:: Assignment ::
Give an unaltered copy of the listing below, minus its pictures.

:: Supplied data ::
- - -
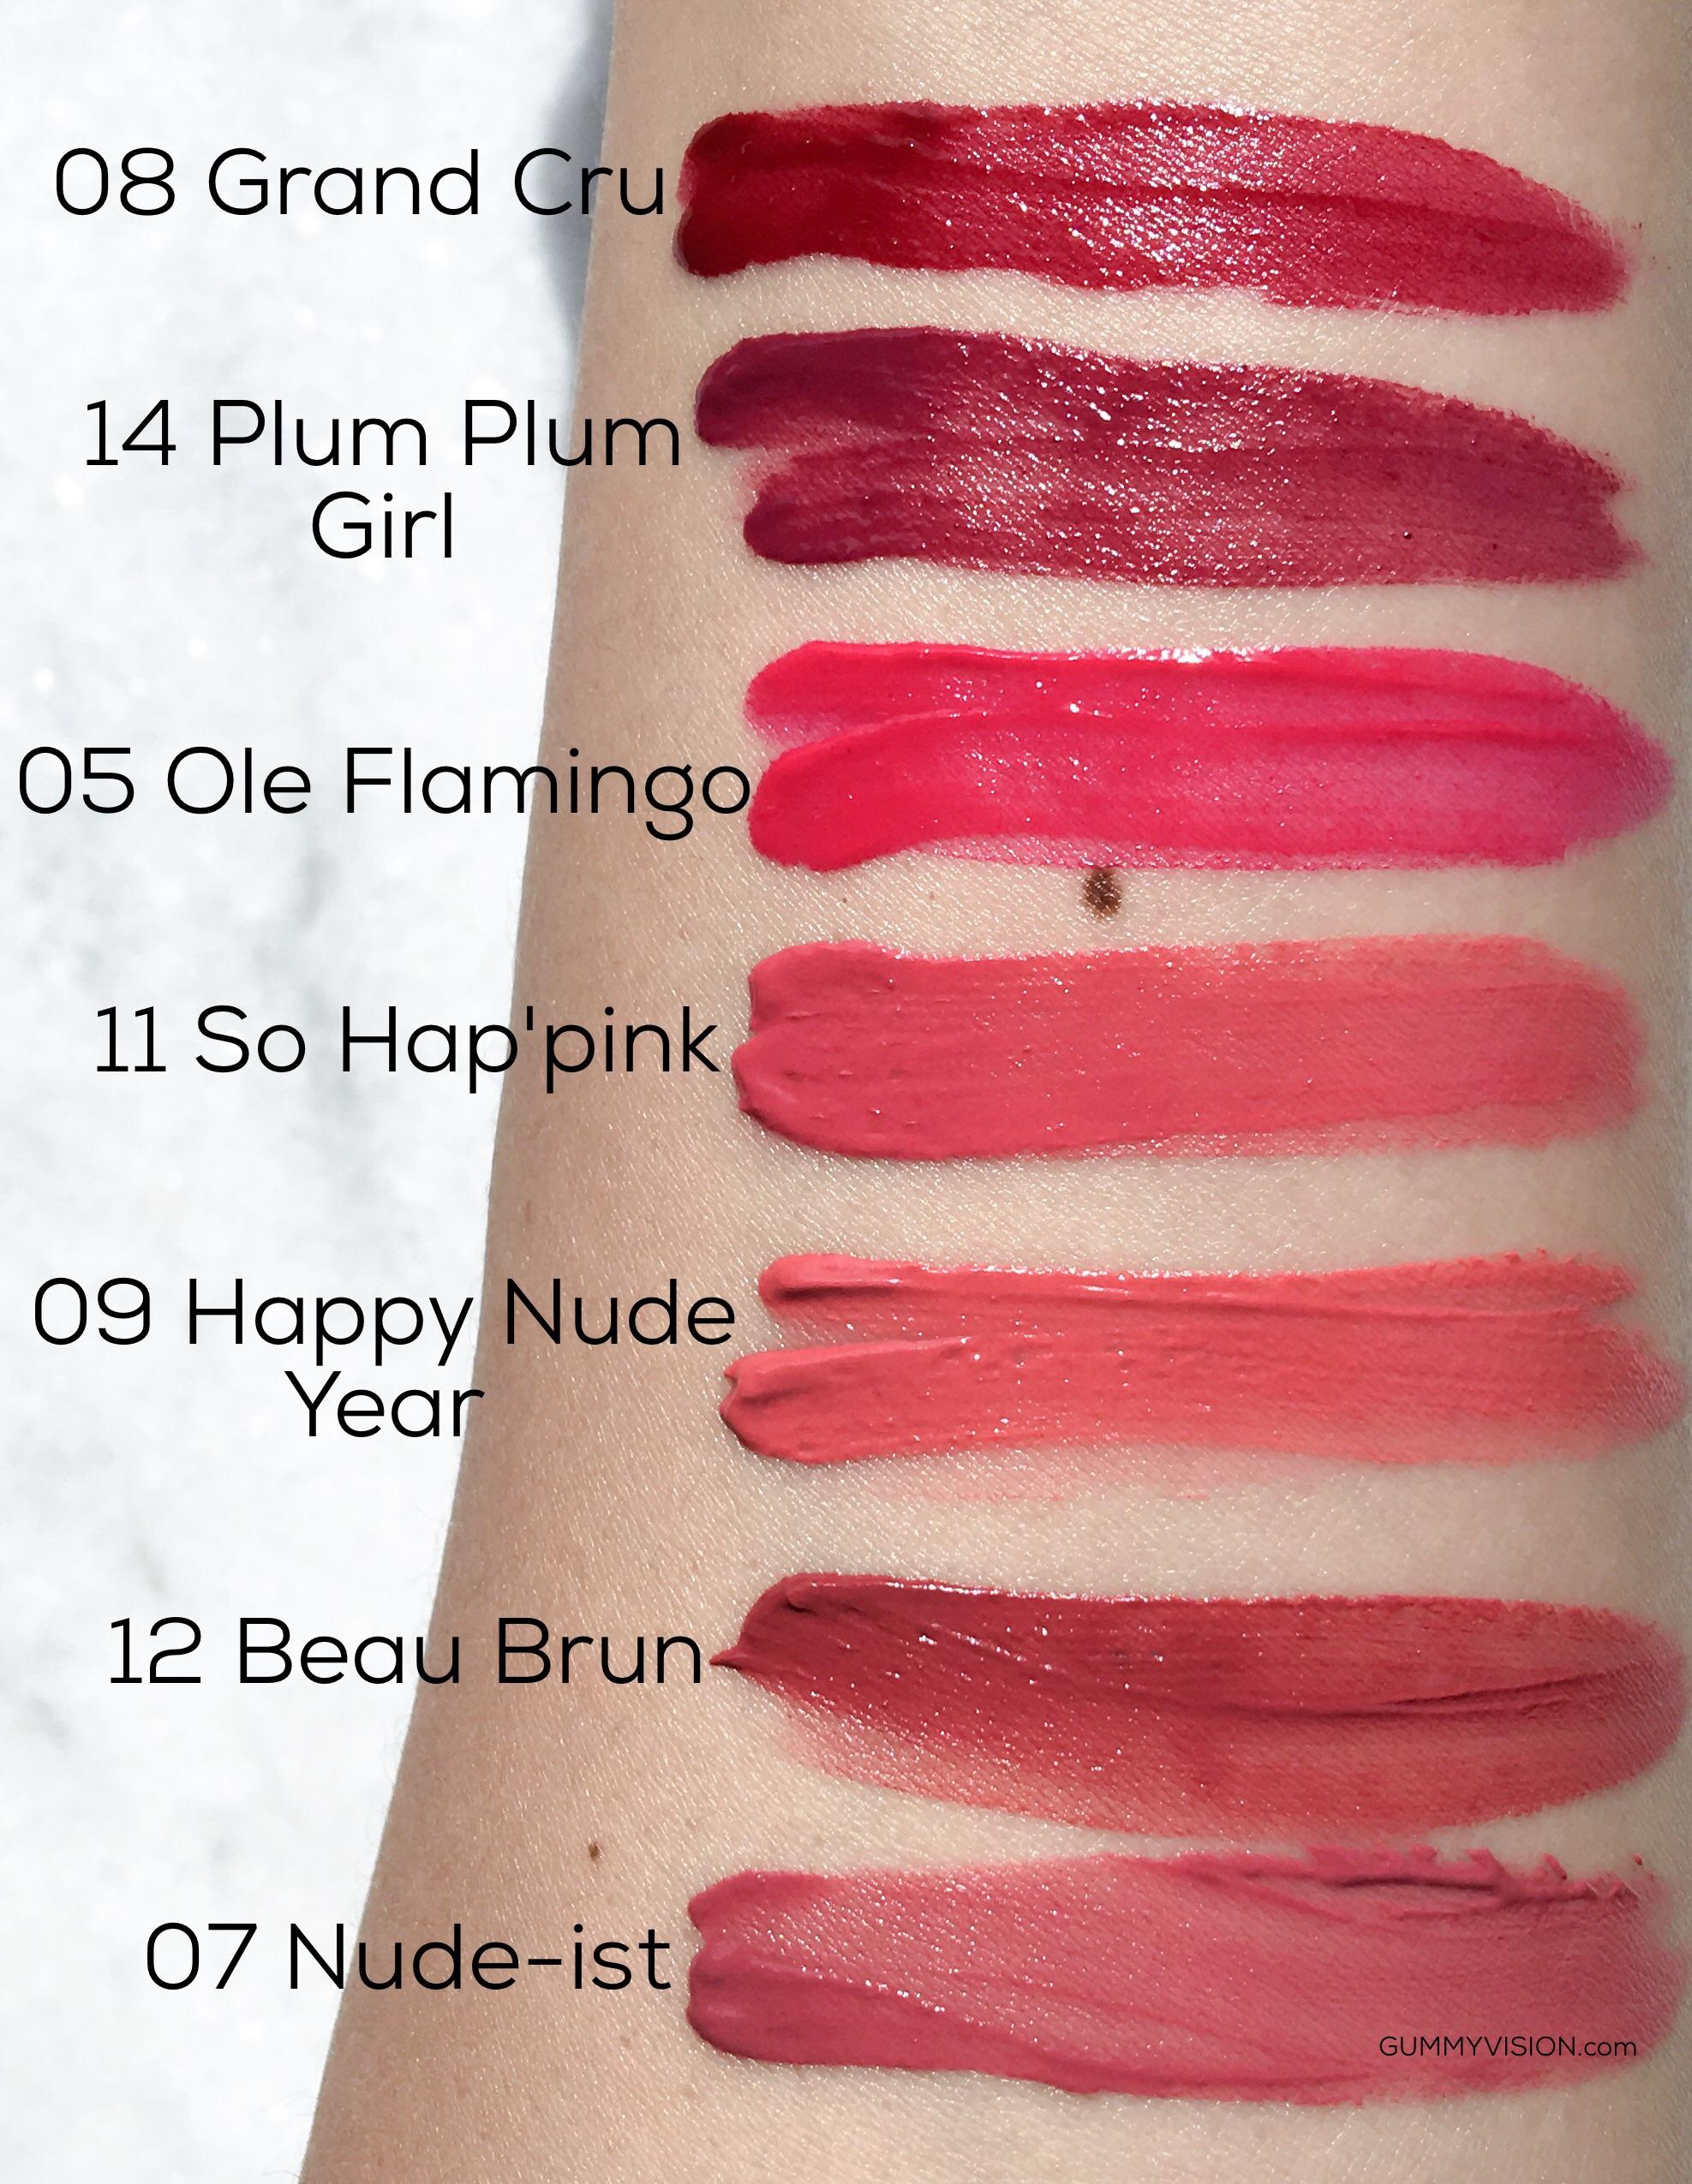 Bourjois Rouge Edition Velvet Lipsticks (Bottom to Top): 07 Nude-ist, 12 Beau Brun, 09 Happy Nude-Year, 11 So Hap'pink, 05 Ole Flamingo, 14 Plum Plum Girl, 08 Grand Cru
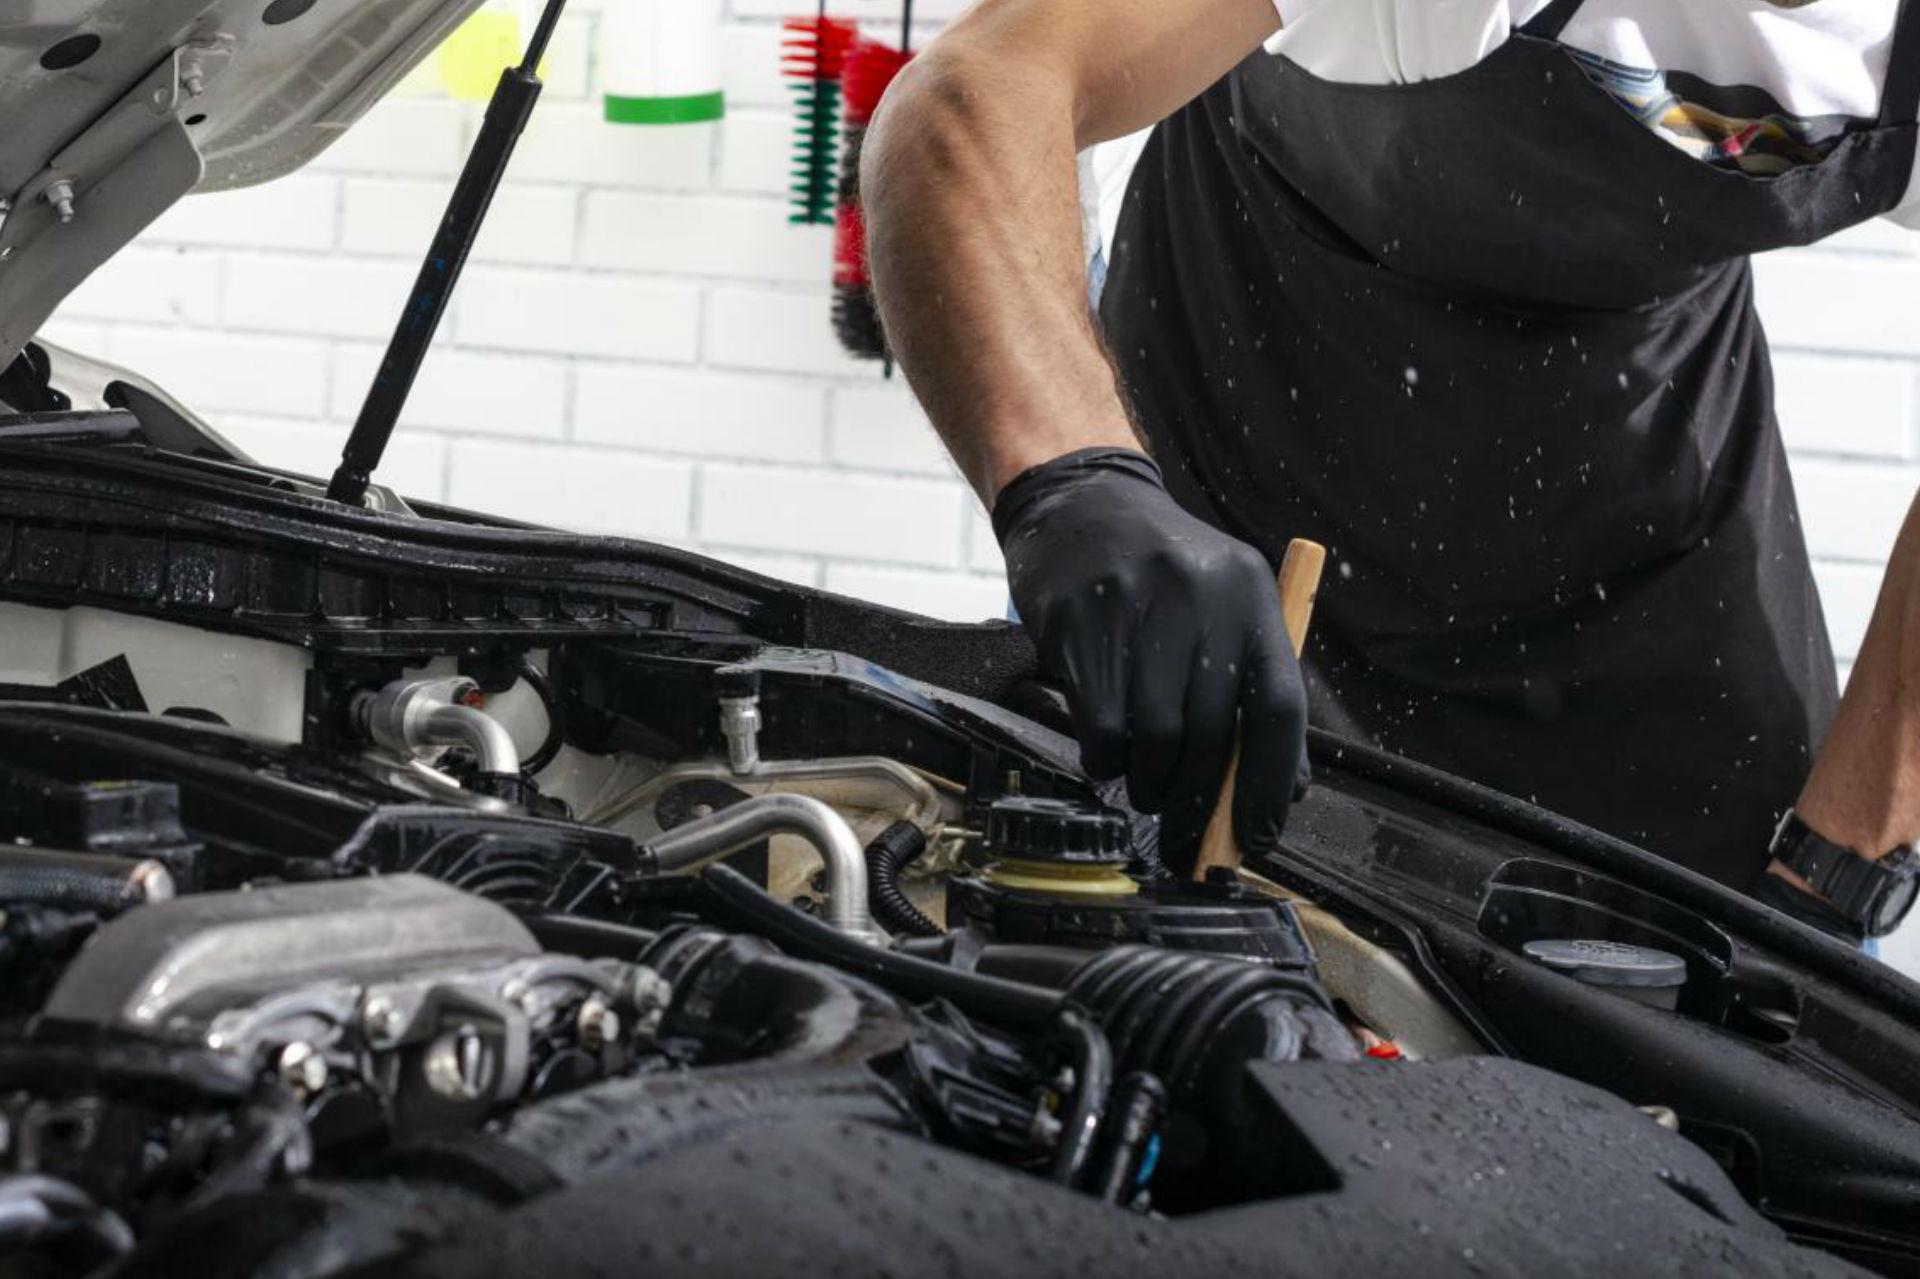 car-detailing-maintenance-cleaning-engine-high-MBP8UW7-cuad
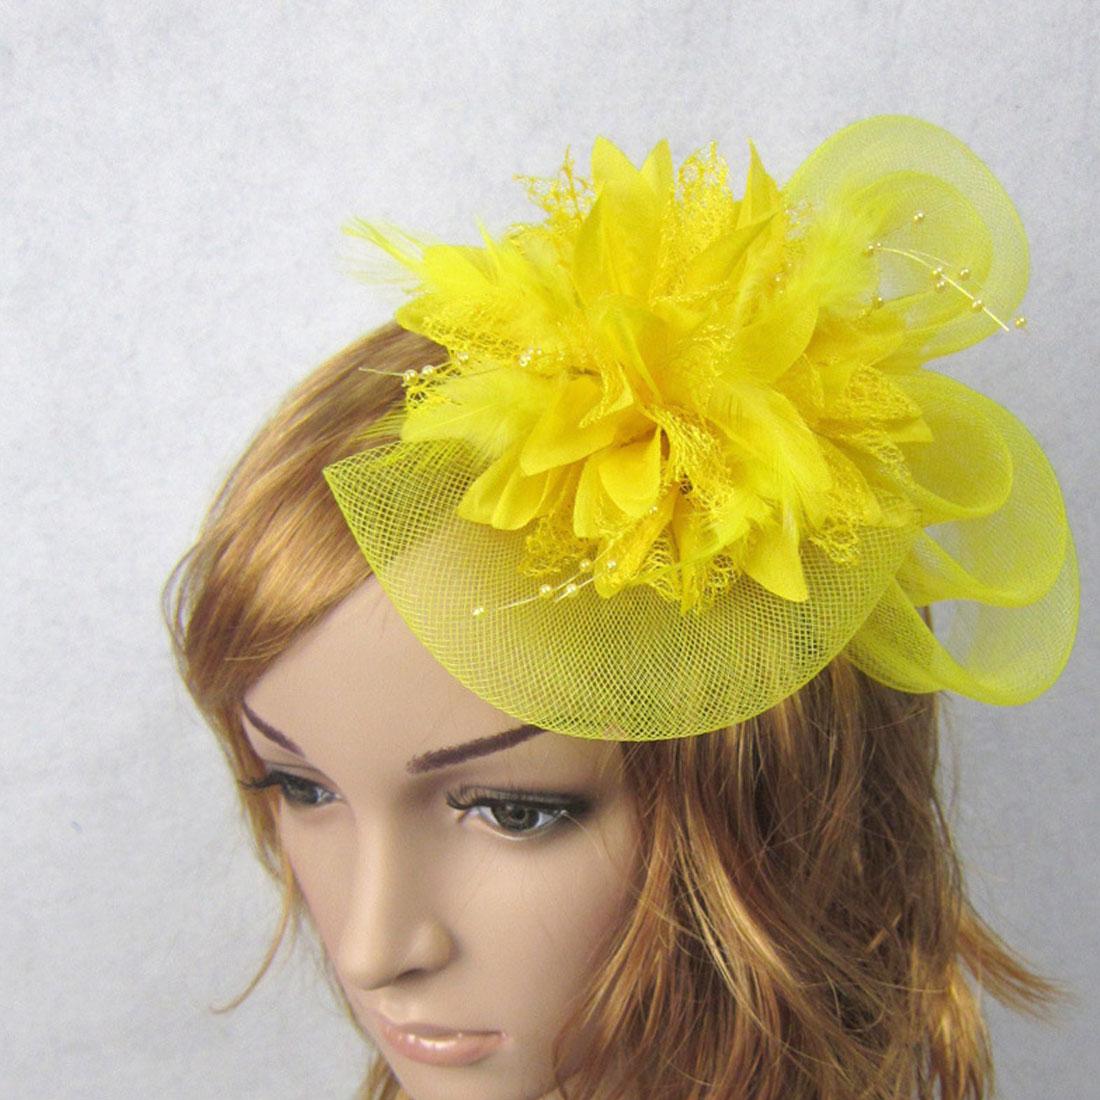 Women Chic Fascinator Hat Cocktail Wedding Party Church Headpiece   Headwear   Fancy Feather Hair Accessories Hair Accessories
- - -
:: Solution for this task ::
 Bourjois Rouge Edition Velvet Lipsticks (Bottom to Top): 07 Nude-ist, 12 Beau Brun, 09 Happy Nude-Year, 11 So Hap'pink, 05 Ole Flamingo, 14 Plum Plum Girl, 08 Grand Cru
 car-detailing-maintenance-cleaning-engine-high-MBP8UW7-cuad
 Women Chic Fascinator Hat Cocktail Wedding Party Church Headpiece   Headwear   Fancy Feather Hair Accessories Hair Accessories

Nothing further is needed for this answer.